In the Horowitz/Hill Art of Electronics, third edition, design practices with discrete 74HCxxx, FPGA and Microprocessor are compared and discussed.

As an example, the ultimate gibberish machine is described, a circuit that sends out a succession of pseudorandom bytes, as standard RS232 serial data, with 2 selectable speeds, 9600 / 1200 baud. 

 

Independent of the processor type, the implementation with a small micro and program it in C looks like the clear winner here, smallest engineering effort, lowest hardware effort (have to admit that I do not have the faintest idea about FPGA.)

 

The example in the book used some 8051ish device, so I was wondering on how this would look like on a MSP430/launchpad

 

See my code below, based on the 8051 C code from the book, but adapted to run as low power as possible (LPM3)

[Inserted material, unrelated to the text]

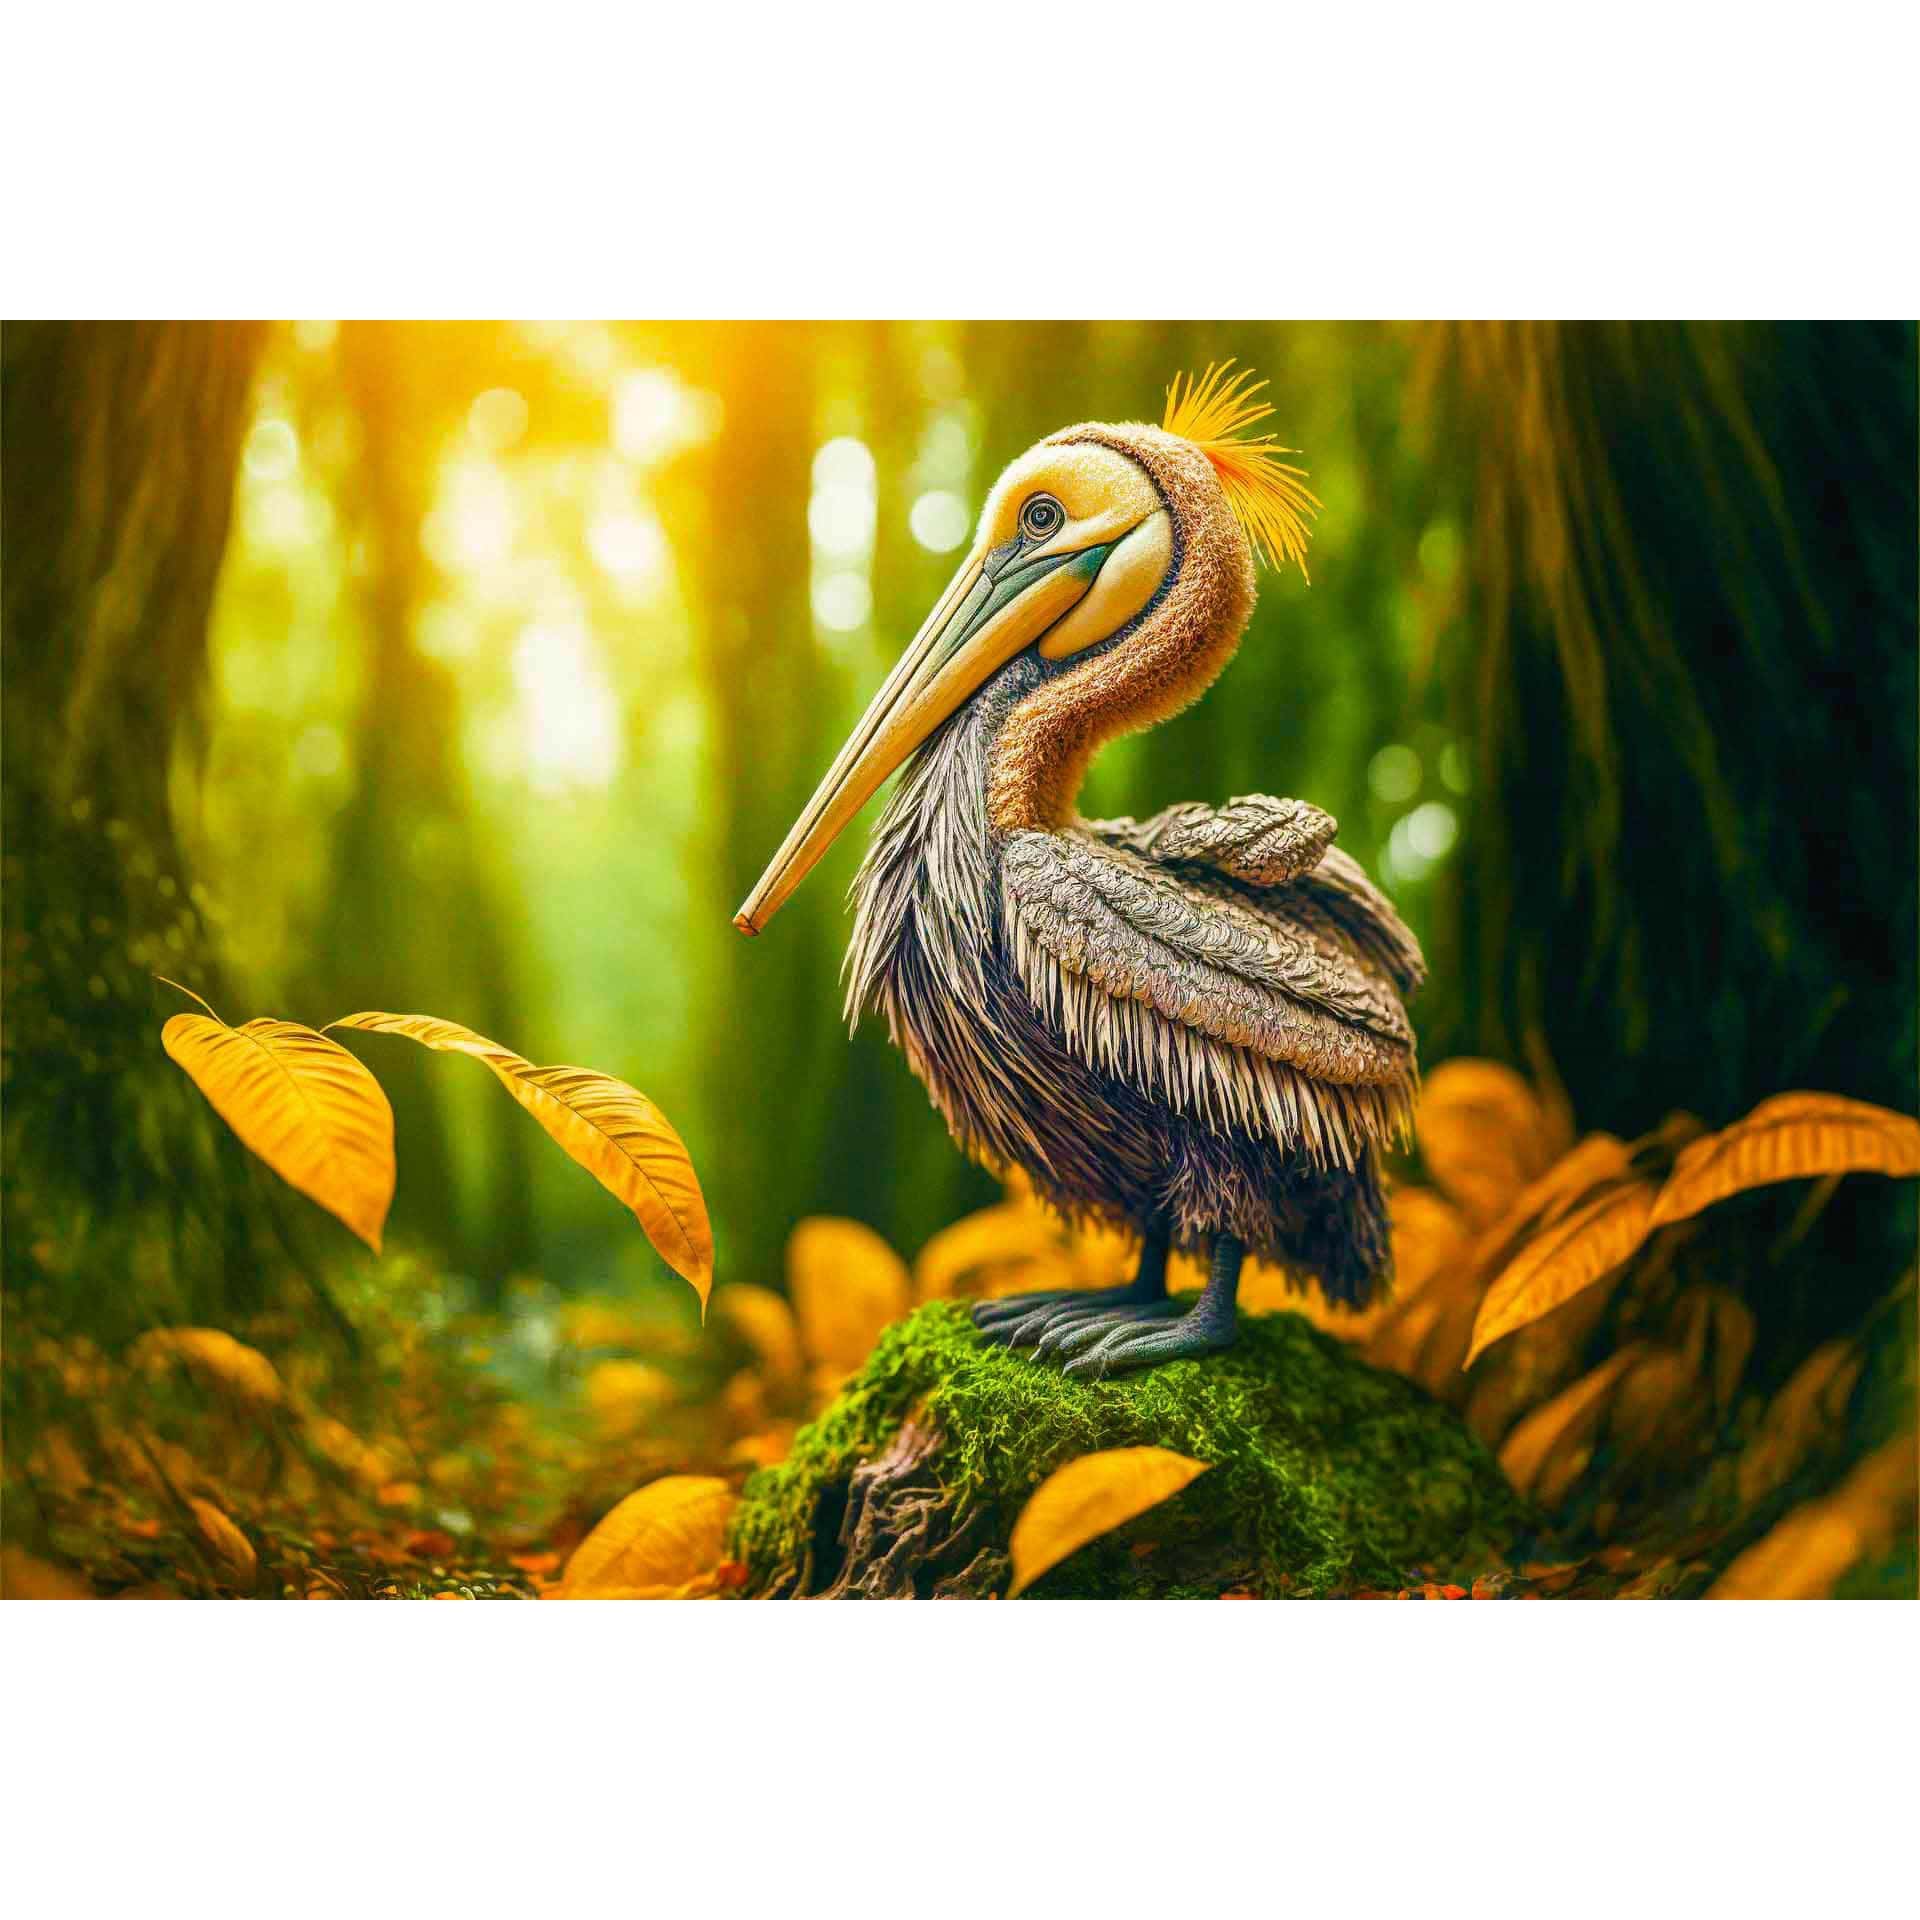 Diamond Painting - Pelikan im Wald - gedruckt in Ultra-HD - Horizontal, Pelikan, Tiere, Vögel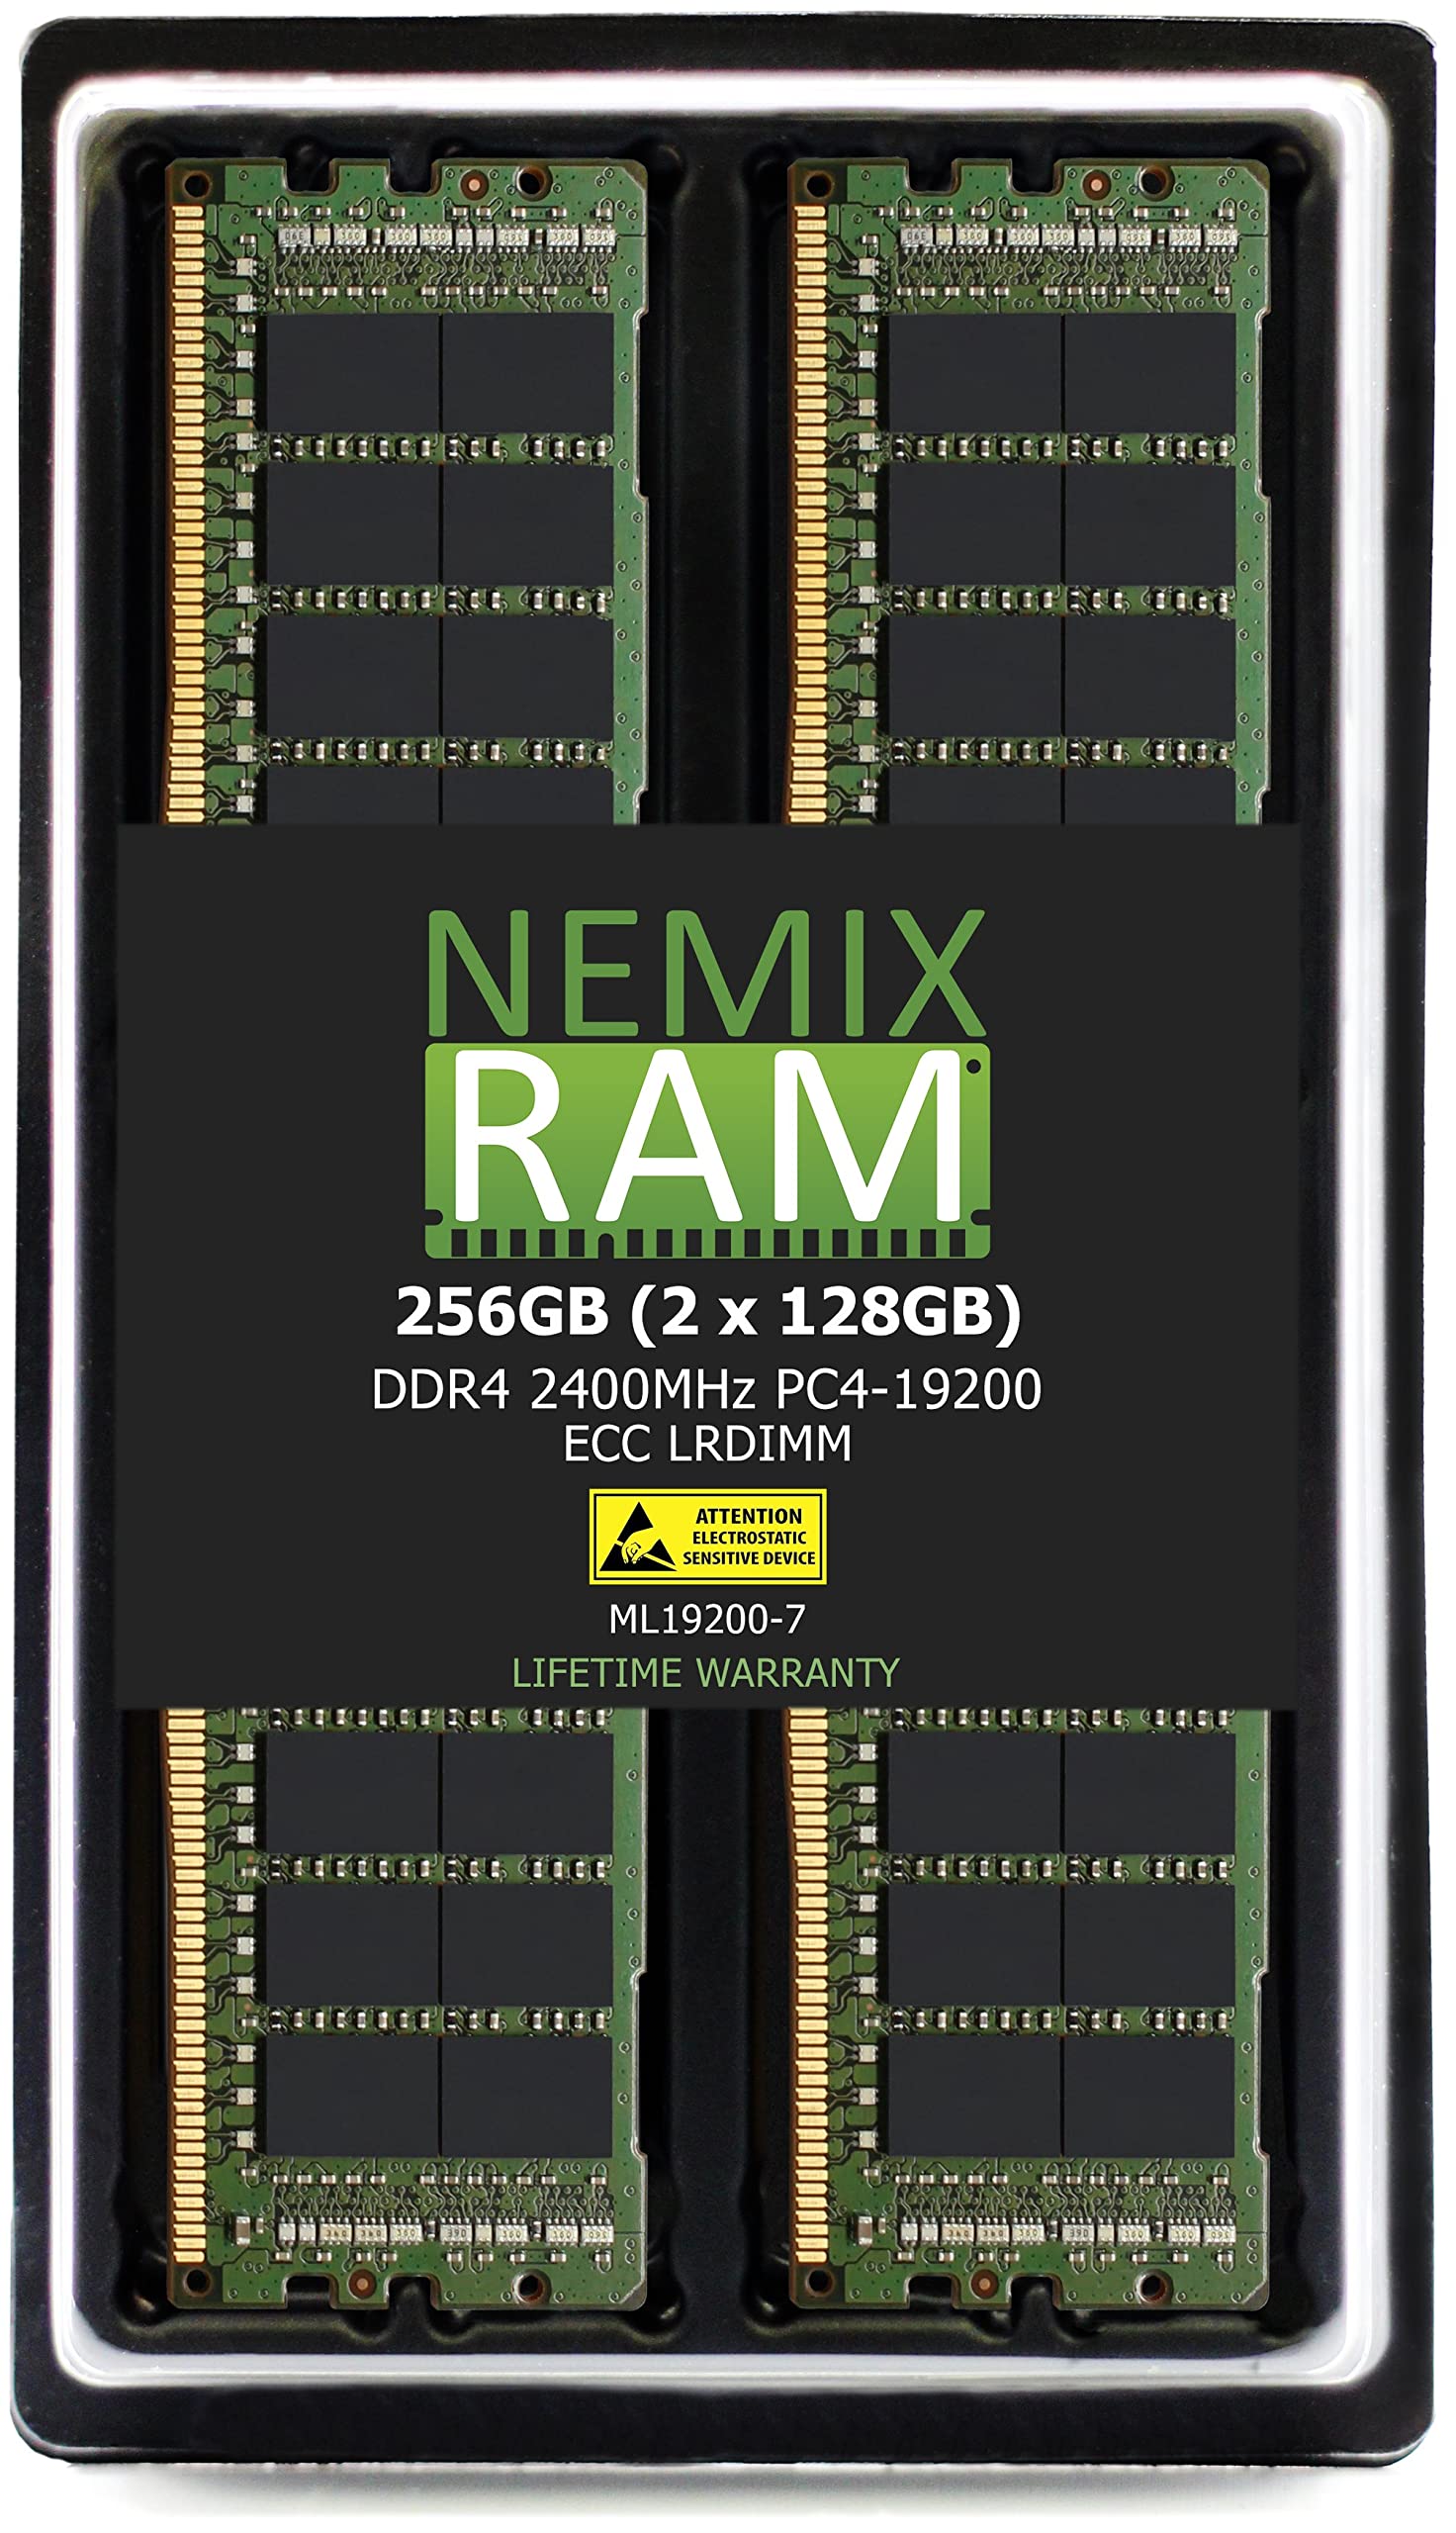 256GB 2x128GB DDR4-2400 LRDIMM 8Rx4 Memory for ASUS KNPA-U16 AMD EPYC 7000 Series by Nemix Ram

The power consuption of this thing is: 40uA at 9600baud, 6uA at 1200baud  

//MSP430G2553LP implementation of the ultimate gibberish machine
//from the art of electronics, third edition, Chapter 11.3.
//Produces a pseudorandom datastream at 9600/1200baud, 8n1

//P1.0 output, sync, processor busy
//P1.2 output, serial pseudorandom data
//P1.3 input,  data rate select (button,at start)
//32768Hz crystal is required

//2016-10-23 maelli01

#include <msp430.h>

unsigned char d,c,b,a=1;

int main(void)
{
  WDTCTL = WDTPW + WDTHOLD;                 // Stop WDT
  P1DIR = ~BIT3; P1REN=BIT3; P1OUT=BIT3;    // all output, except button
  P1SEL = BIT2; P1SEL2=BIT2;                // P1.2=TXD
  P2REN = 0x3F;				    // all unused pins resistor enable
  P3REN = 0xFF;			            // all unused pins resistor enable
  UCA0CTL1 |= UCSSEL_1;                     // CLK = ACLK
  if(P1IN&8){				    // button not pressed: 9600 baud
	  UCA0BR0 = 3;                      // 32768Hz/9600 = 3.41
 	  UCA0MCTL = UCBRS1 + UCBRS0;       // Modulation UCBRSx = 3
  }
  else{					    // button pressed: 1200 baud
	  UCA0BR0 = 27;                     // 32768Hz/1200 = 27.3
	  UCA0MCTL = UCBRS1;                // Modulation UCBRSx = 2
  }
  UCA0BR1 = 0x00;
  UCA0CTL1 &= ~UCSWRST;                     // **Initialize USCI state machine**
  IE2 |= UCA0TXIE;                          // Enable USCI_A0 TX interrupt
  __bis_SR_register(LPM3_bits + GIE);       // Enter LPM3 w/ int
}

#pragma vector=USCIAB0TX_VECTOR
__interrupt void USCI0TX_ISR(void){
  P1OUT |=1;
  UCA0TXBUF=((d<<1)|(c>>7))^c;              // 32 bit pseudorandom generator
  d=c; c=b; b=a; a=UCA0TXBUF;
  P1OUT &=~1;
}